Molecular descriptors selection and machine learning approaches in protein-ligand binding affinity with applications to molecular docking

In this paper, we propose algorithms for biomolecular docking sites selection problem by various machine learning approaches with selective features reduction. The proposed method can reduce the number of various amino acid features before constructing machine learning prediction models. Given frame boxes with features, the proposed method analyzes the important features by correlation coefficients to LE values. The algorithm ranks these possible candidate locations on the receptor before launching AutoDock. Given a small molecular, namely ligand, it is a time-consuming task to compute the molecular docking against a large, relatively stationary molecule, or receptor. Our methods divide the surface area of receptor to several subspaces and evaluate these subspaces before choosing the promising subspaces to speed up the molecular docking simulation.
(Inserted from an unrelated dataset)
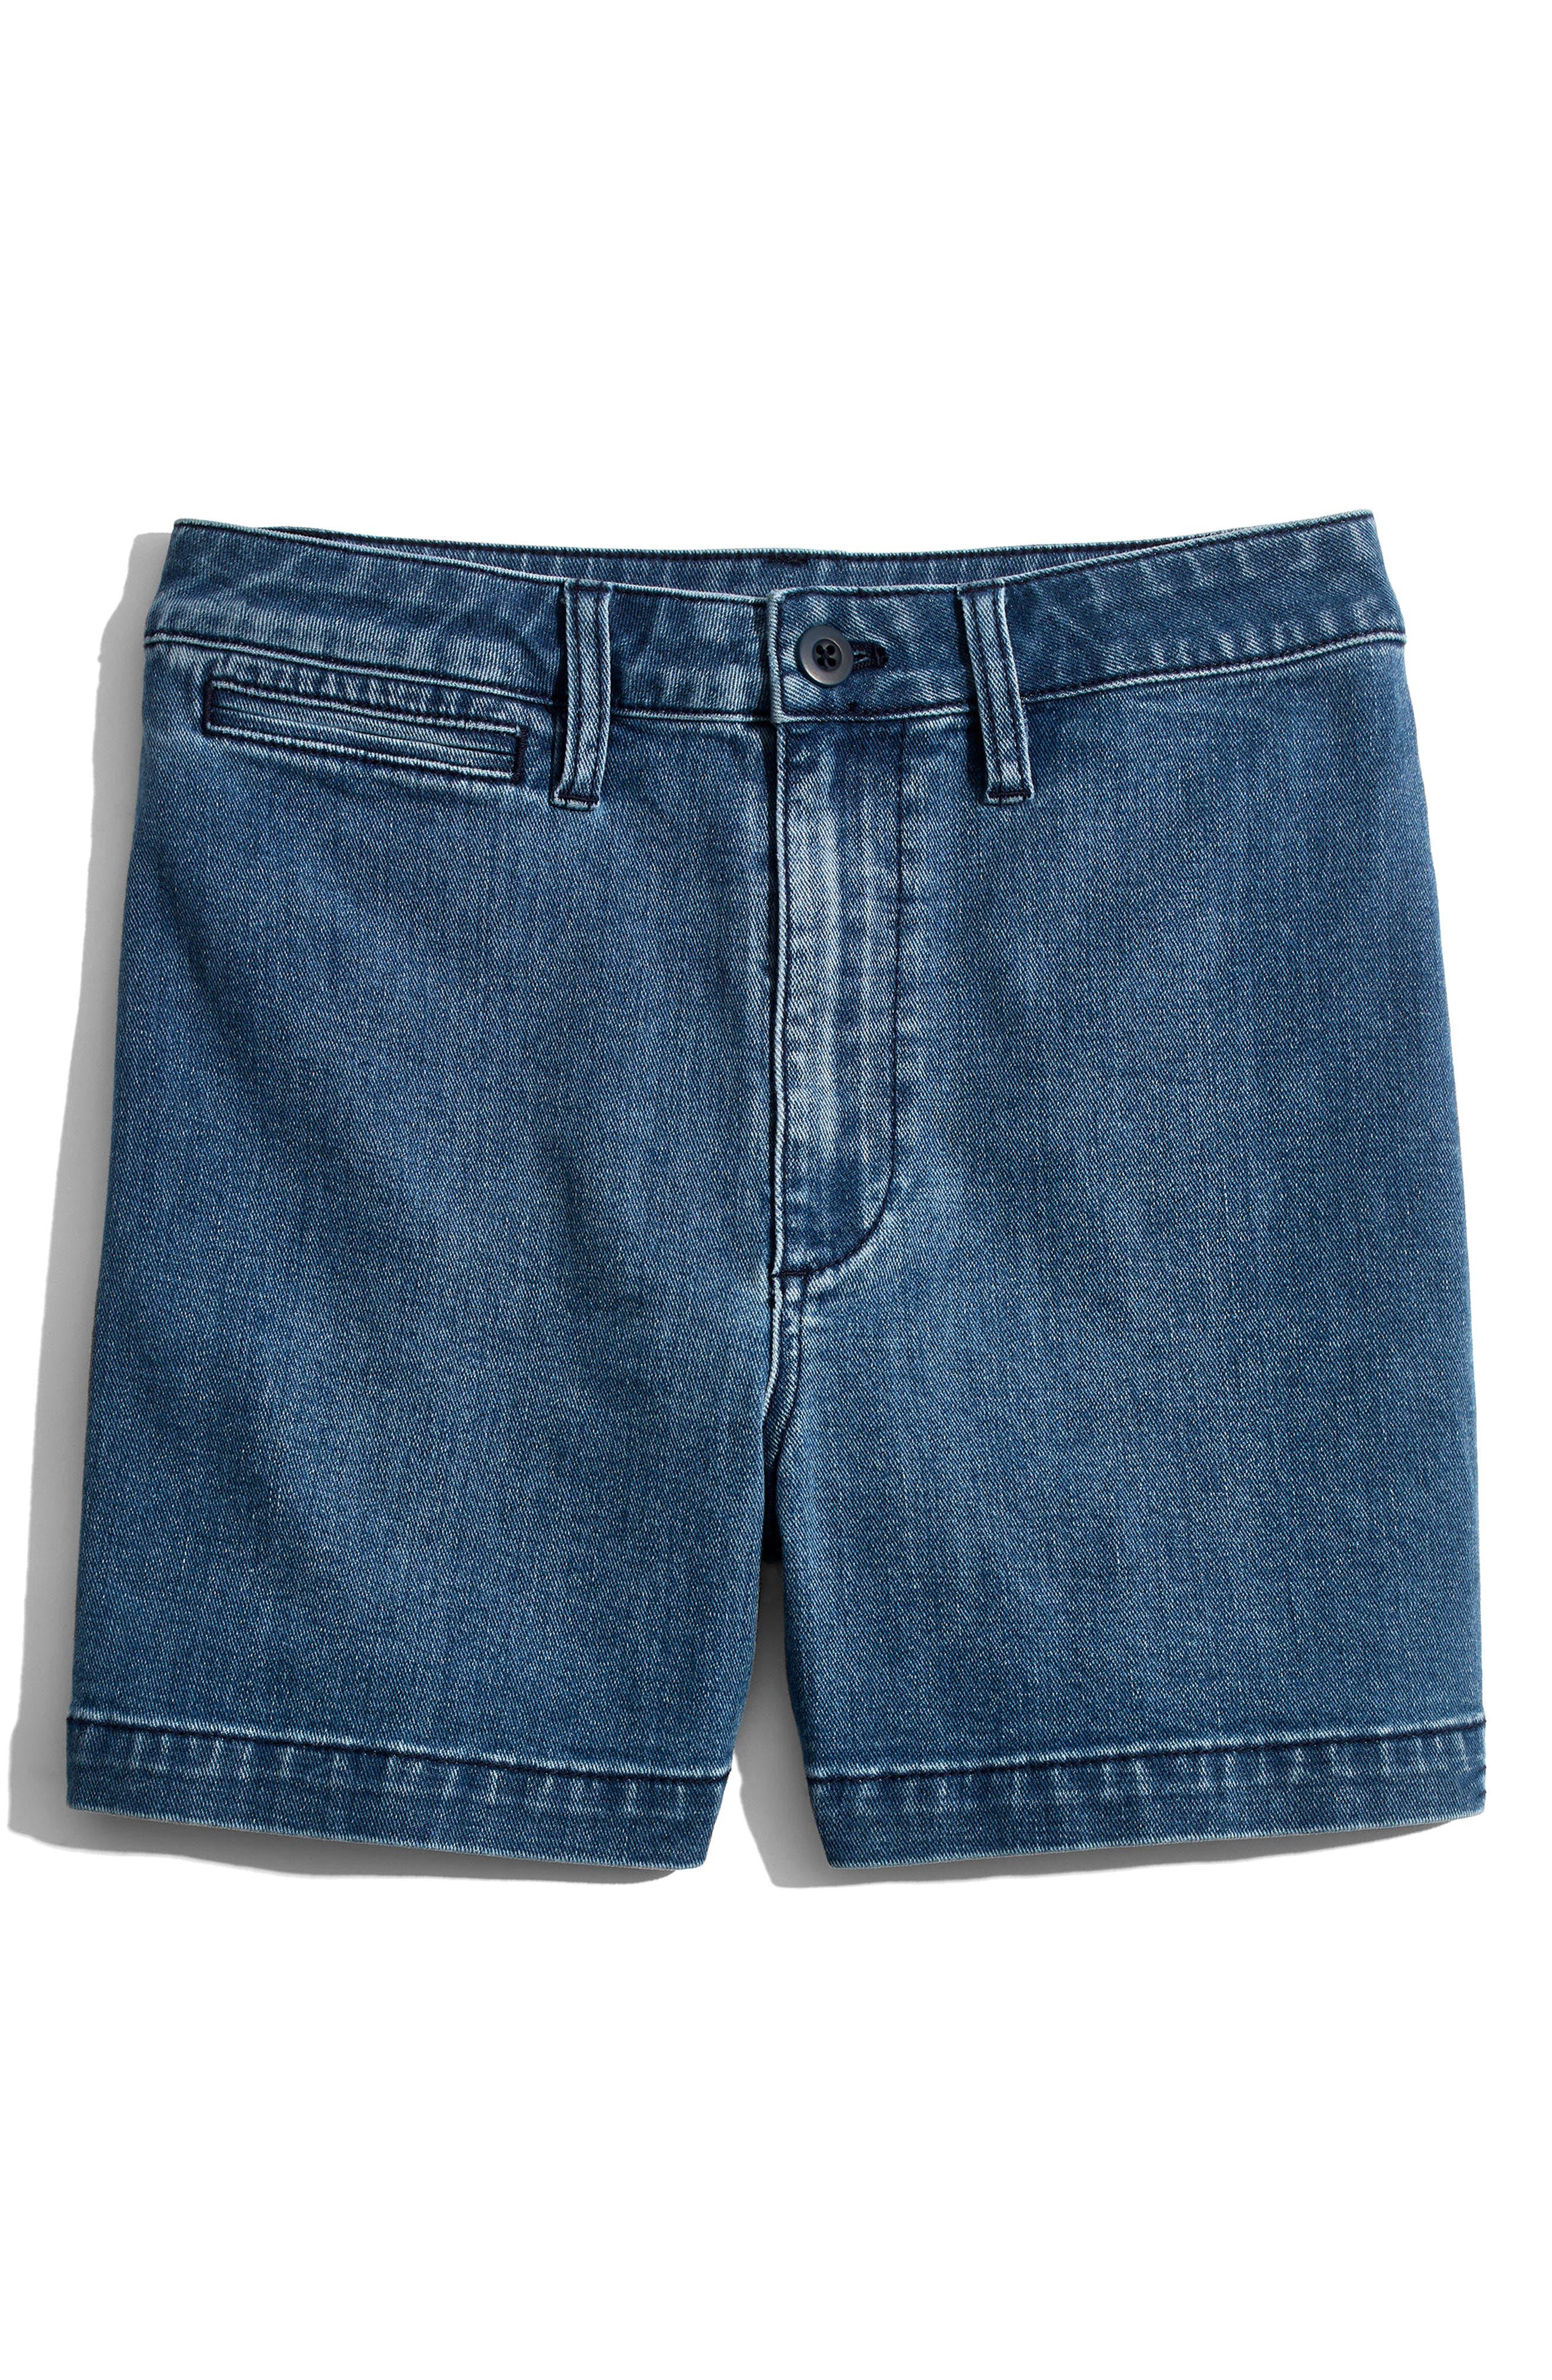 Emmett High Waist Denim Shorts,                             Alternate thumbnail 4, color,                             ROSALIE

The method is implemented upon the widely employed automated molecular docking simulation software package, AutoDock. The paper examines three different machine learning prediction models including the support vector machines (LIBSVM), deep neural networks (H2O), and the logistic regression model (AOD). The proposed affinity estimation algorithm, incorporated with a ligand-specific SVM prediction model, achieves about 4 folds faster comparing with original Autodock searching the whole surface of the receptor with similar binding energy score (LE, lowest engery) measurement. Furthermore, the proposed method can be easily parallelized in the implementation. Hadoop MapReduce frameworks are used in our experiments to parallelize the underlying massive computation works corresponding to ligand-receptor pairs examined under the experiment.